Choose Wisely. Your Provider’s Anxiety Level Can Influence Your Birth

Choose Wisely. Your Provider’s Anxiety Level Can Influence Your Birth

I have this weird fascination with people watching. Being a New Yorker for the past 17 years, I am endlessly entertained at slyly observing all the vast and diverse population around me. I am intrigued by body language, verbal patterns and general presence. During my brief moments of studying my fellow city dwellers, I try to see how these physical and verbal ques can give me some insight into their personality traits. Those that are very fidgety, looking around a lot are perhaps a bit more anxious. Those that are a bit more relaxed in their body are probably more laid back and confident. My observations are hardly groundbreaking, but can looking at an individual’s personality allow us to foresee general patterns? To take this one step further, is it possible to get an idea of how someone is likely to react to a situation or make a decision, based upon certain personality traits? If you were to be getting on a plane and noticed your pilot was rather anxious, how would that make you feel? Maybe the same is true with the decision making process of care givers?

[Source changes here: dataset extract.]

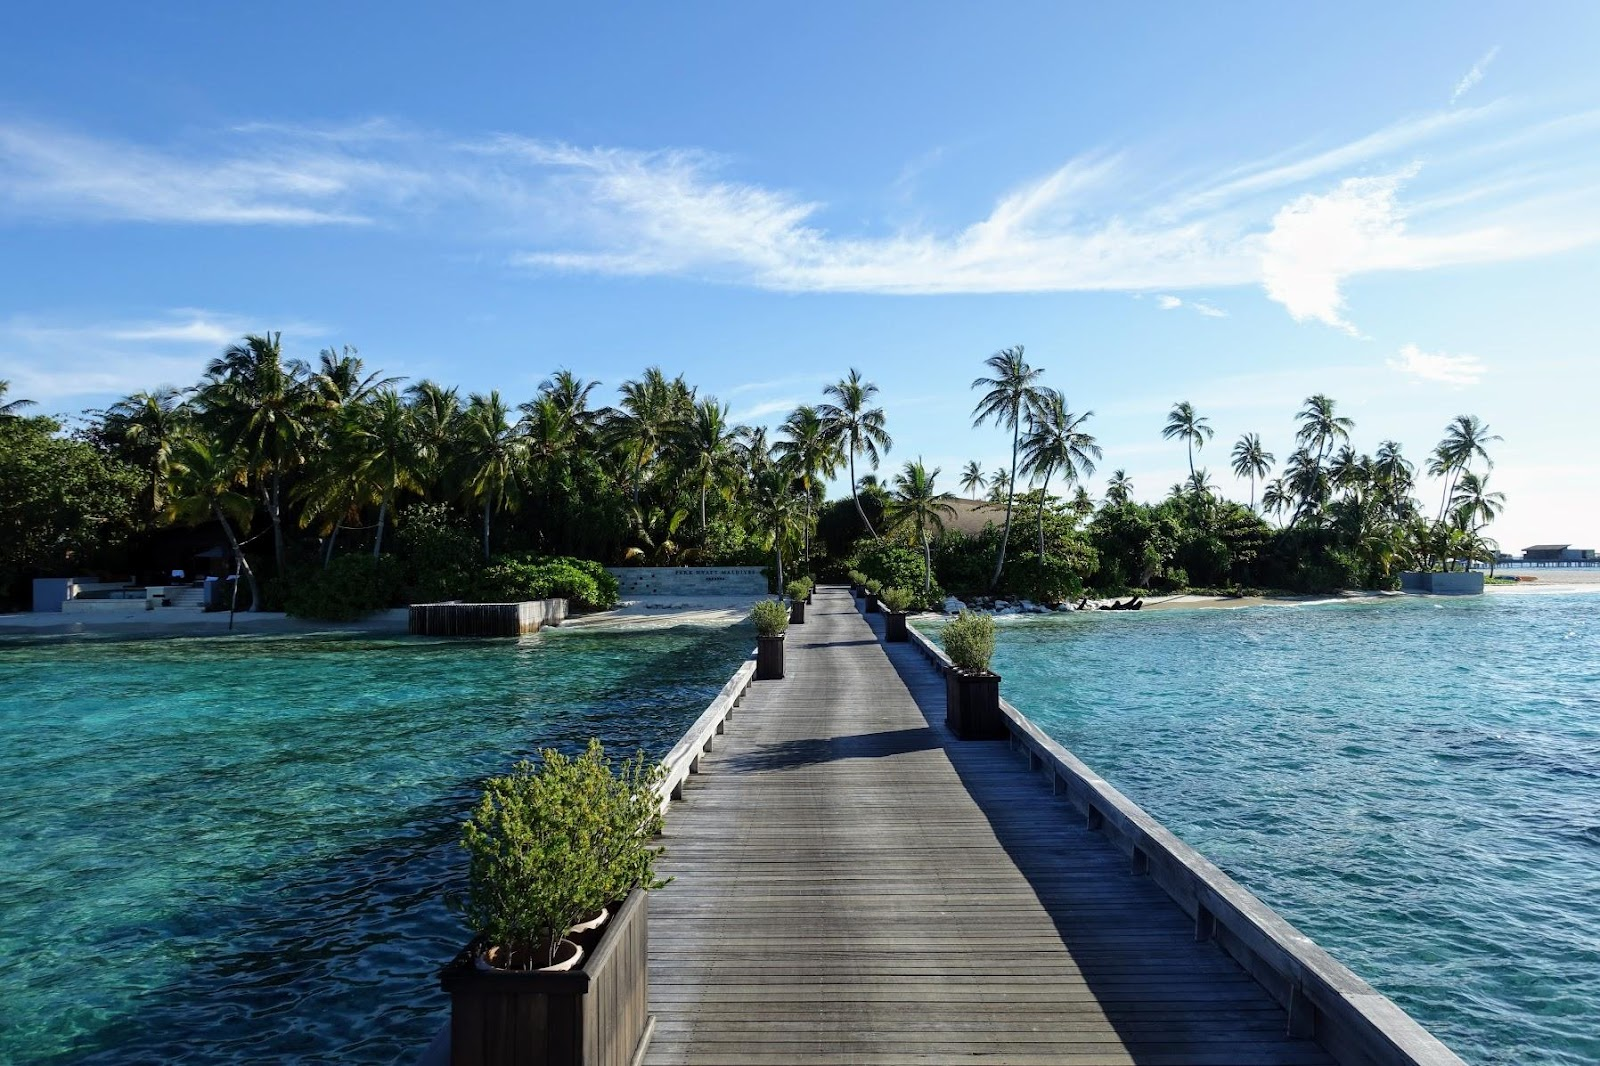 8VGqzT42i9QRpw5WaTZcqoBPXtcvh9s5tnLIgPQWP43T0SxMxREndwRLVE7yxb7bzwl5e0w1N8SRyFDZFTnj9cy6oR5dOoZp0k8ngSMDYEVPn25kIqhACdUc jhr5RWTbarUw1Kf 21Hotels: Park Hyatt Maldives Hadahaa- лукс, устойчивост, екзотика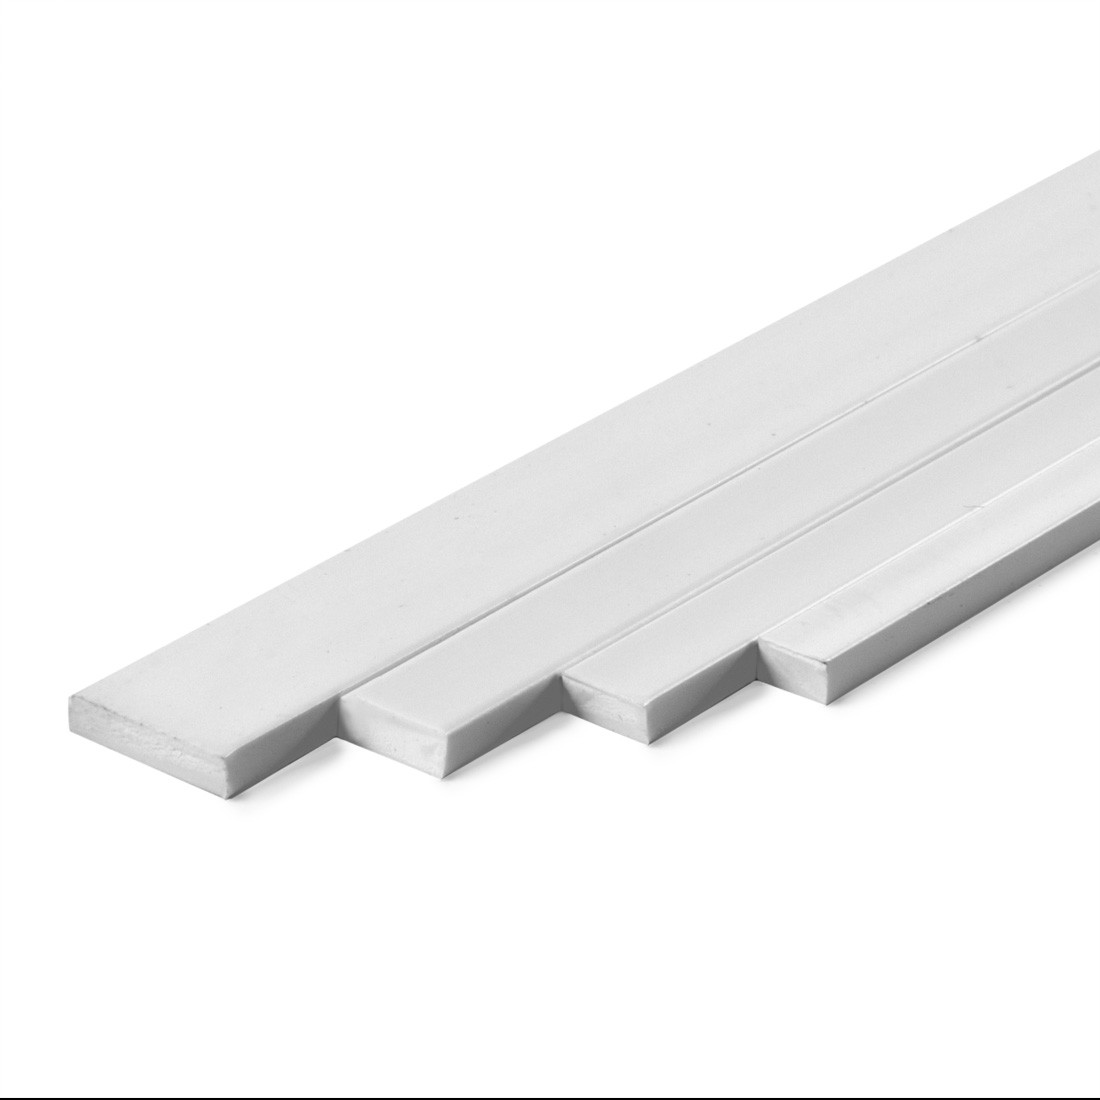 Profile ASA rectangulaire mm.2x5x1000

In 2008, The Journal of Obstetrics and Gynecology, published a study, The effects of the attending obstetrician’s anxiety traits and the corresponding obstetric intervention rates.. The researchers set out to explore the correlation between the practitioners anxiety level and the amount of unplanned cesarean sections performed during a specific time. To better comprehend the relevance of this study, it is important to understand exactly what they were looking for in anxiety traits, specifically the difference between “trait anxiety” and “state anxiety”. Trait anxiety refers to a general level of stress that is characteristic of an individual, that is, a trait related to personality. Trait anxiety varies according to how individuals have conditioned themselves to respond to and manage the stress. People with high levels of trait anxiety are often quite easily stressed and anxious.1 State anxiety describes the experience of unpleasant feelings when confronted with specific situations, demands or a particular object or event. This particular study is focusing on trait anxiety.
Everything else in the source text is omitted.